### Assignment:
Please transcribe only the lines that run from the line bearing "كرسي مساج كهربائي اليك" to the end of the entries, keeping both end lines. Skip the pictures.

### Given data:
○ ○ ○ ○ ○
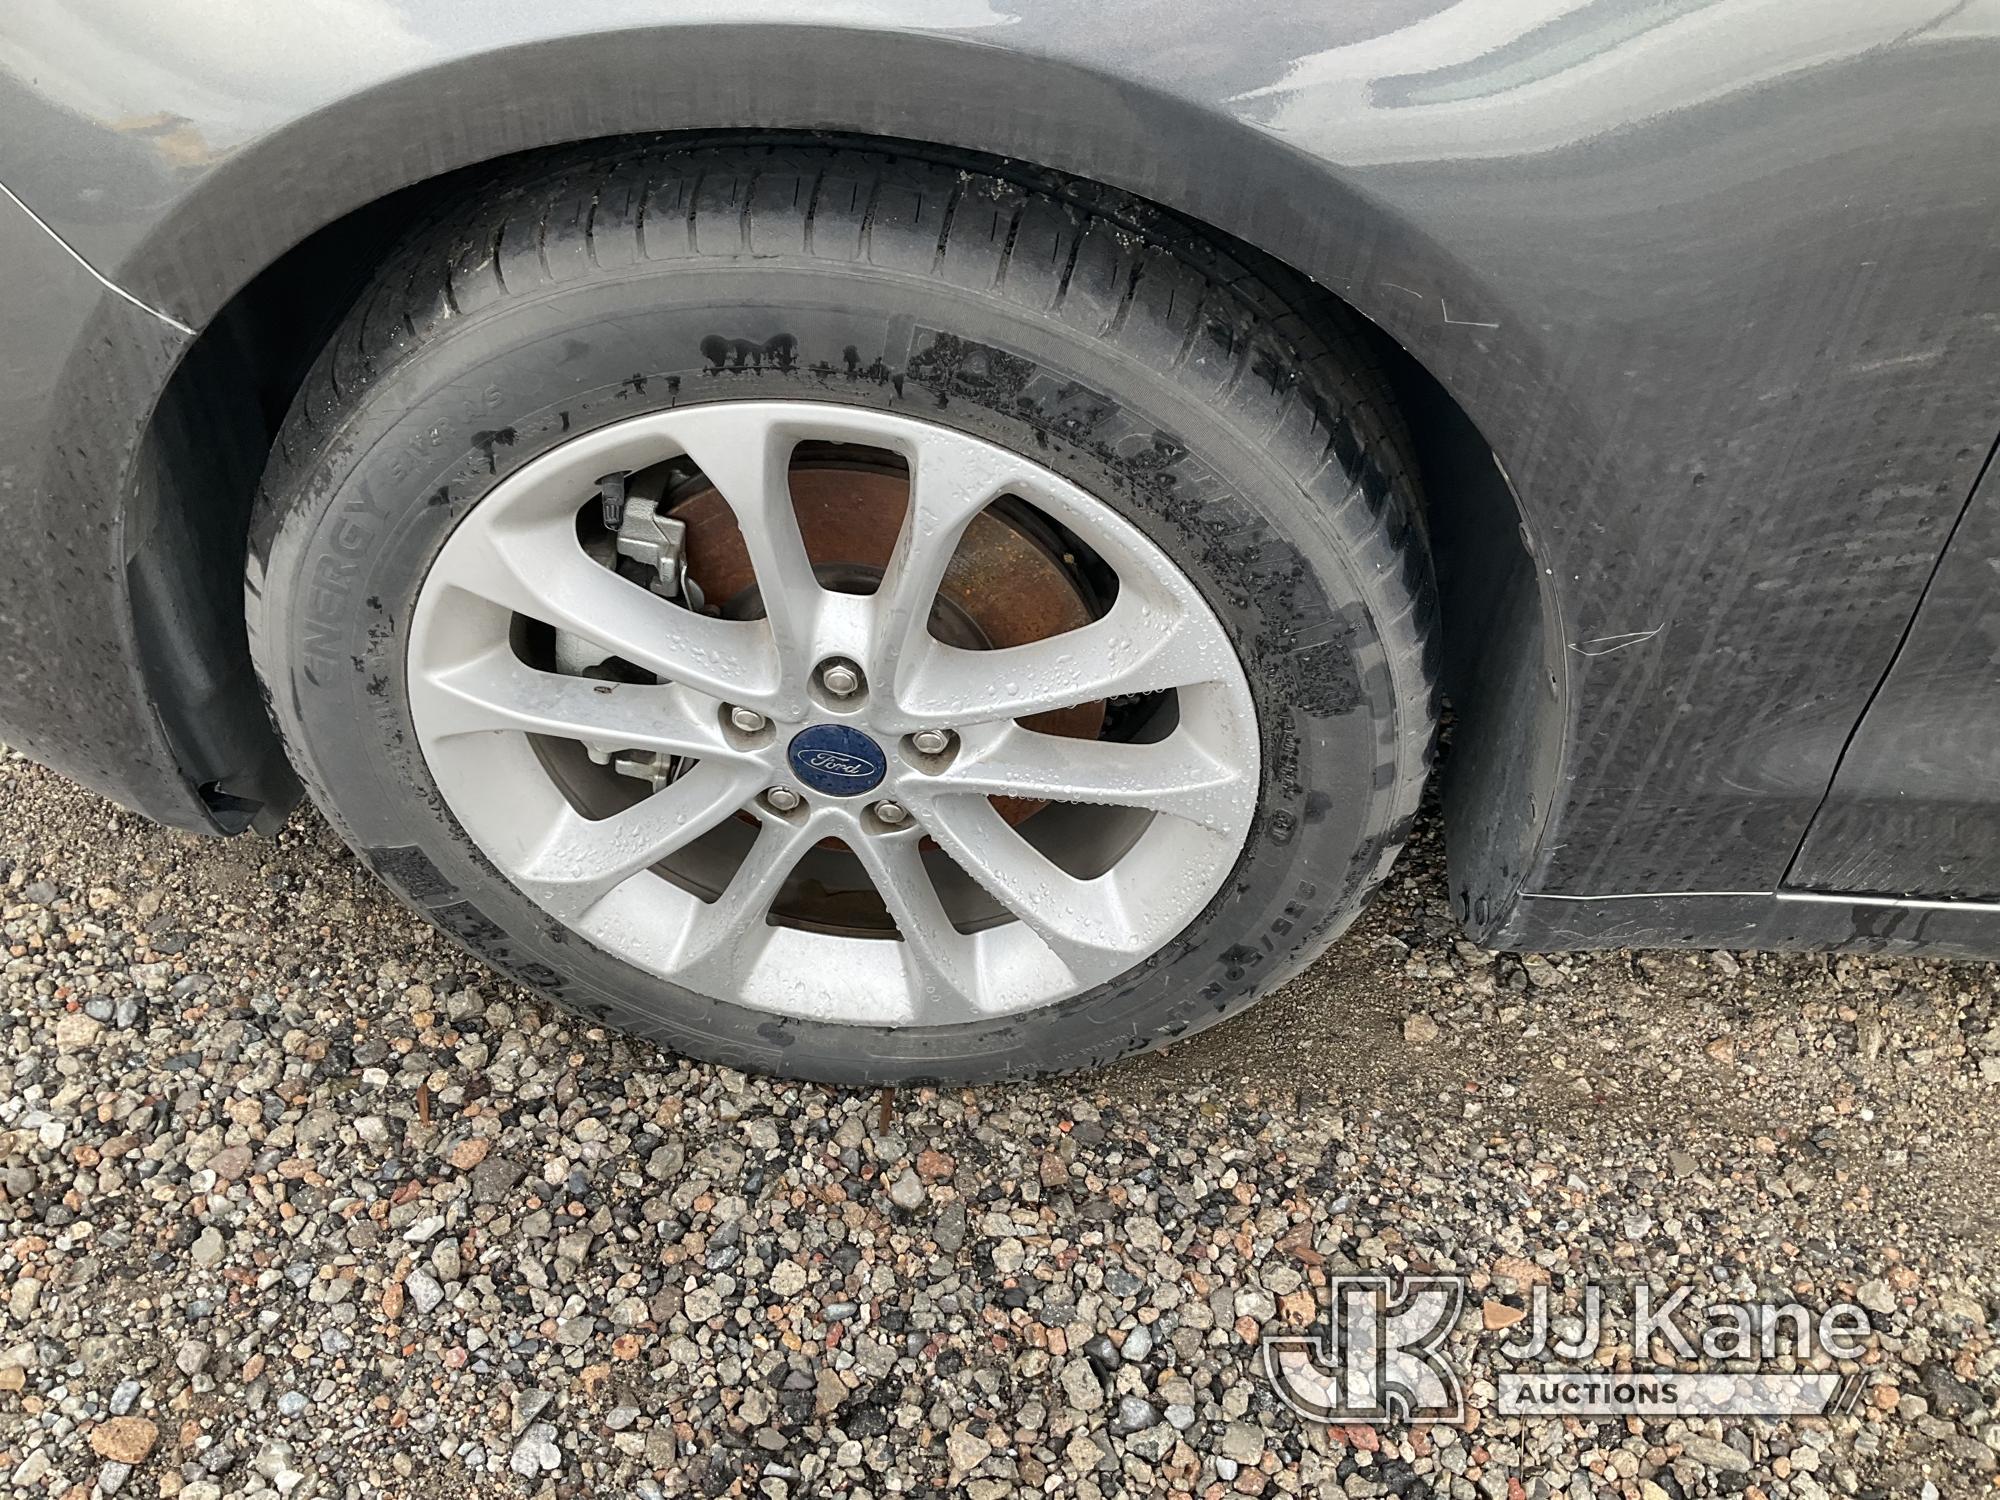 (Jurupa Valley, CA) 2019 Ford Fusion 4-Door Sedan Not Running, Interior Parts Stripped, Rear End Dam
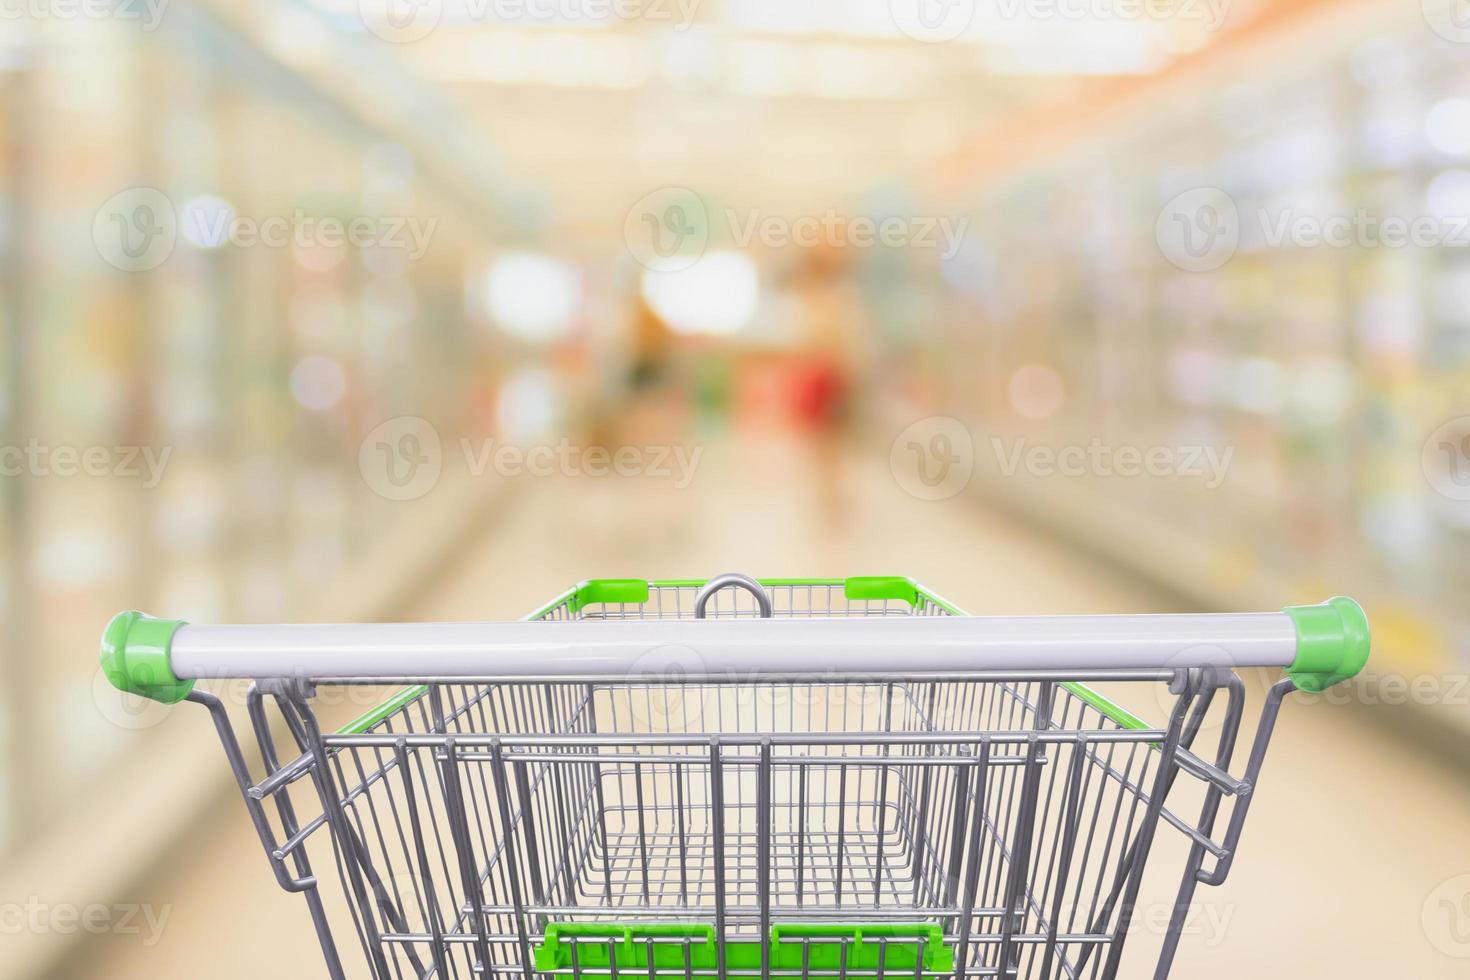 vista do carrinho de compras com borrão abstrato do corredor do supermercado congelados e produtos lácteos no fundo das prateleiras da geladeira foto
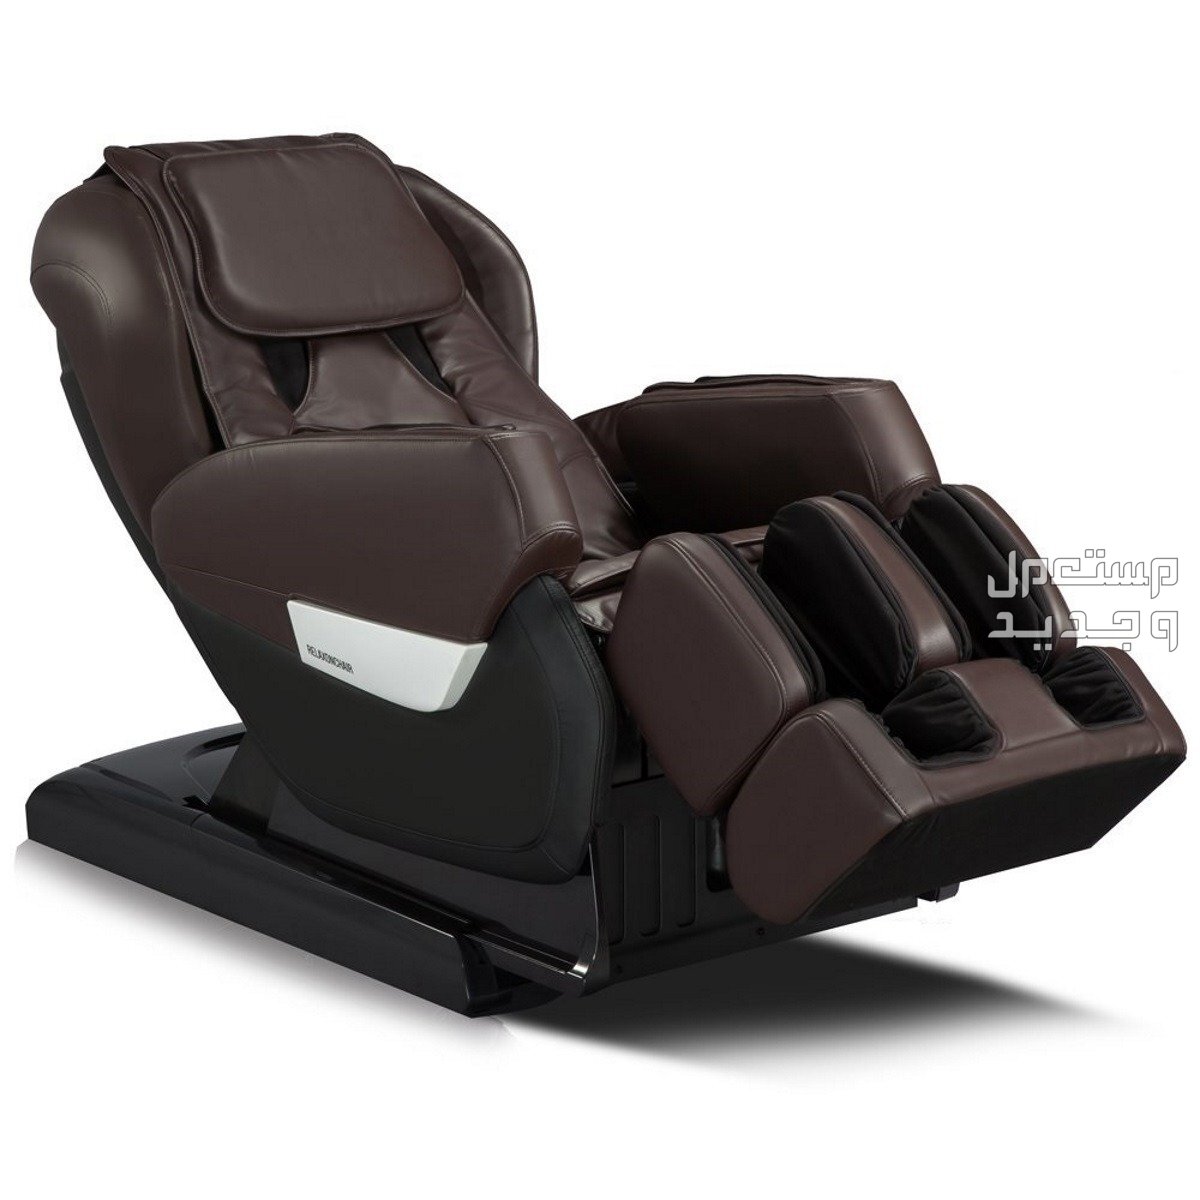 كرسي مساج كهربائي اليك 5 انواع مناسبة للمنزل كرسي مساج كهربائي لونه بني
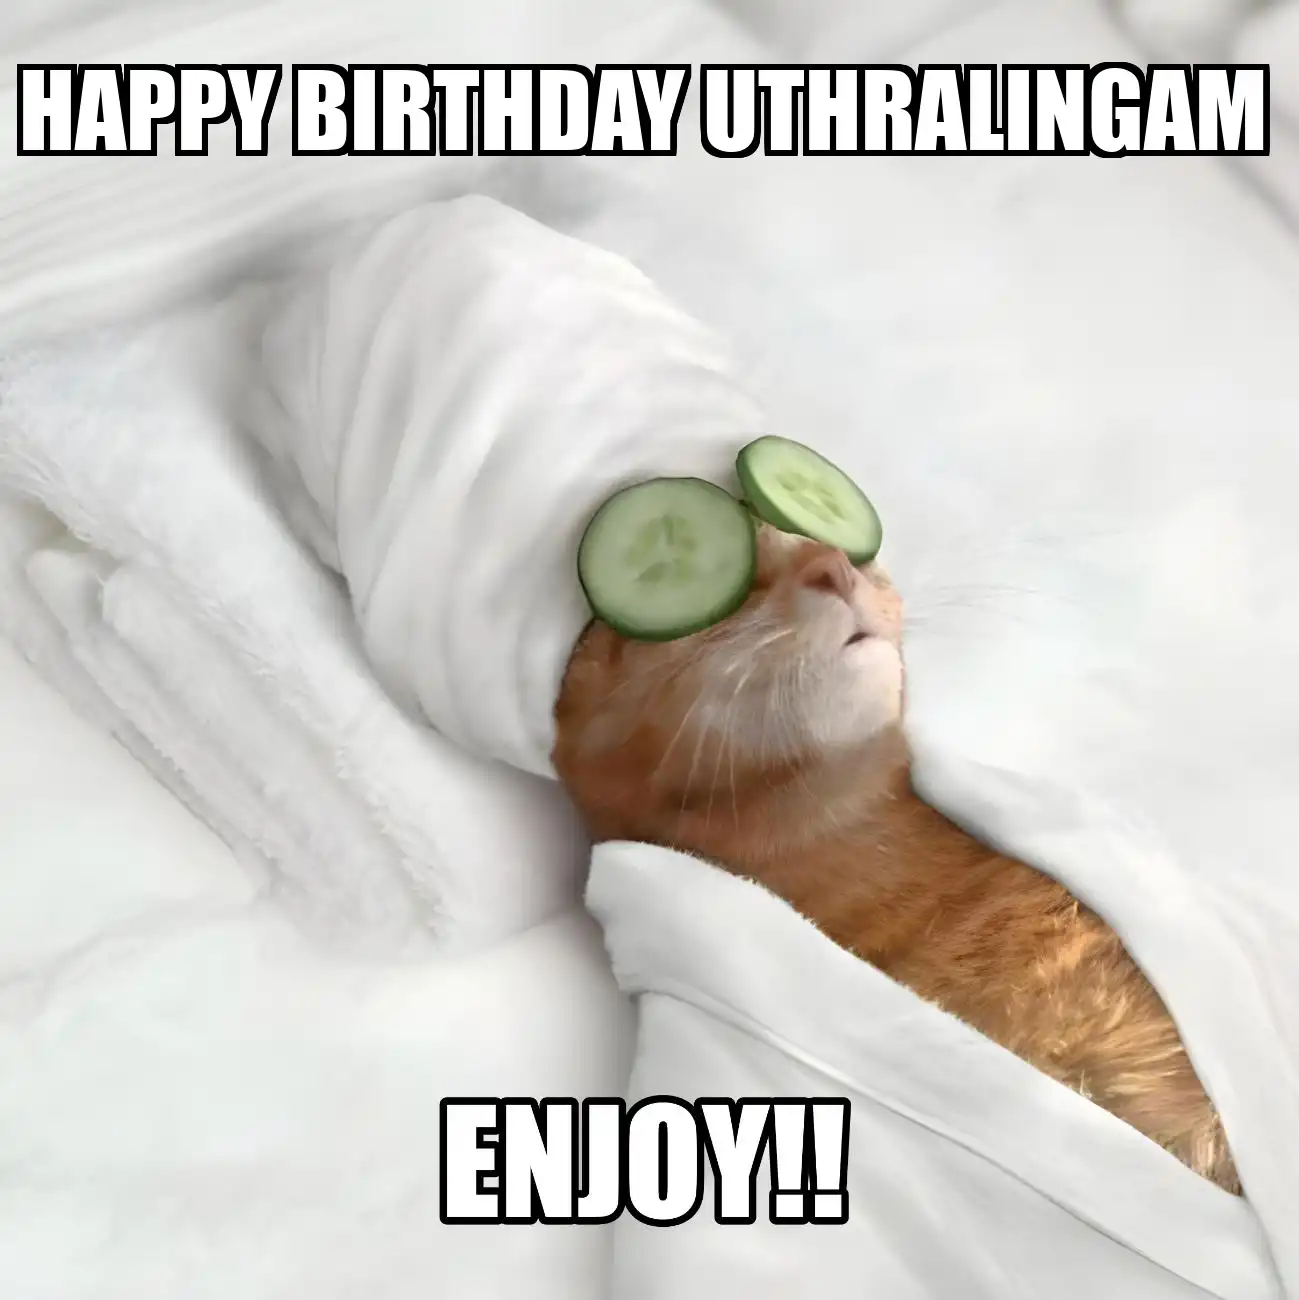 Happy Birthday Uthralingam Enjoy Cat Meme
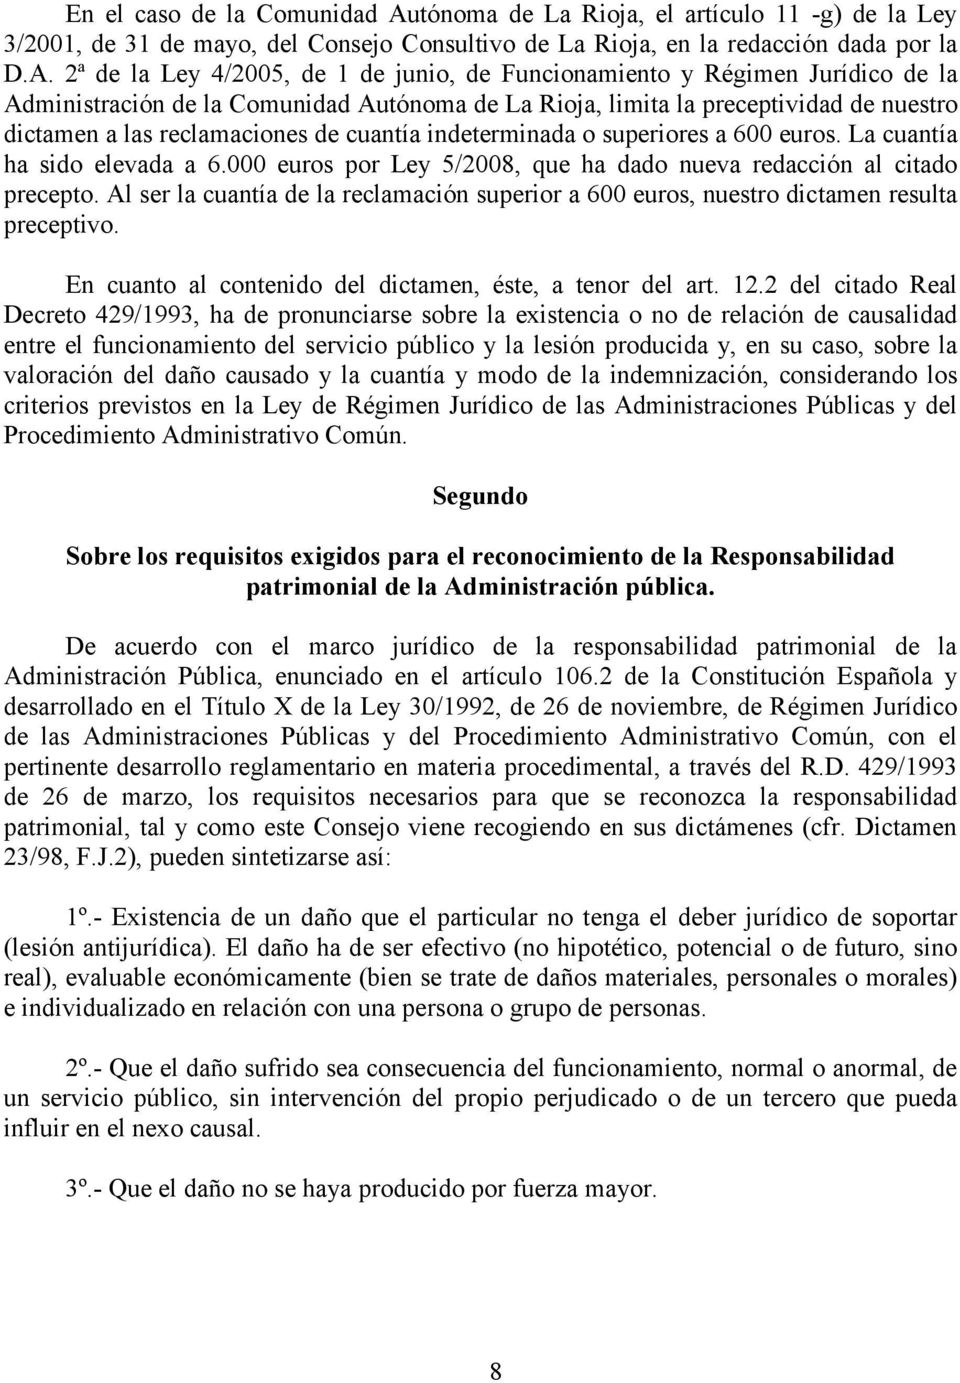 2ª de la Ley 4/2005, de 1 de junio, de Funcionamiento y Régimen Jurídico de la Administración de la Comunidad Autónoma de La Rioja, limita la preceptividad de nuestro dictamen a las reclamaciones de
○ ○ ○ ○ ○
### Answer to the exercise:
 كرسي مساج كهربائي اليك 5 انواع مناسبة للمنزل كرسي مساج كهربائي لونه بني
 Happy Birthday Uthralingam Enjoy Cat Meme
 2ª de la Ley 4/2005, de 1 de junio, de Funcionamiento y Régimen Jurídico de la Administración de la Comunidad Autónoma de La Rioja, limita la preceptividad de nuestro dictamen a las reclamaciones de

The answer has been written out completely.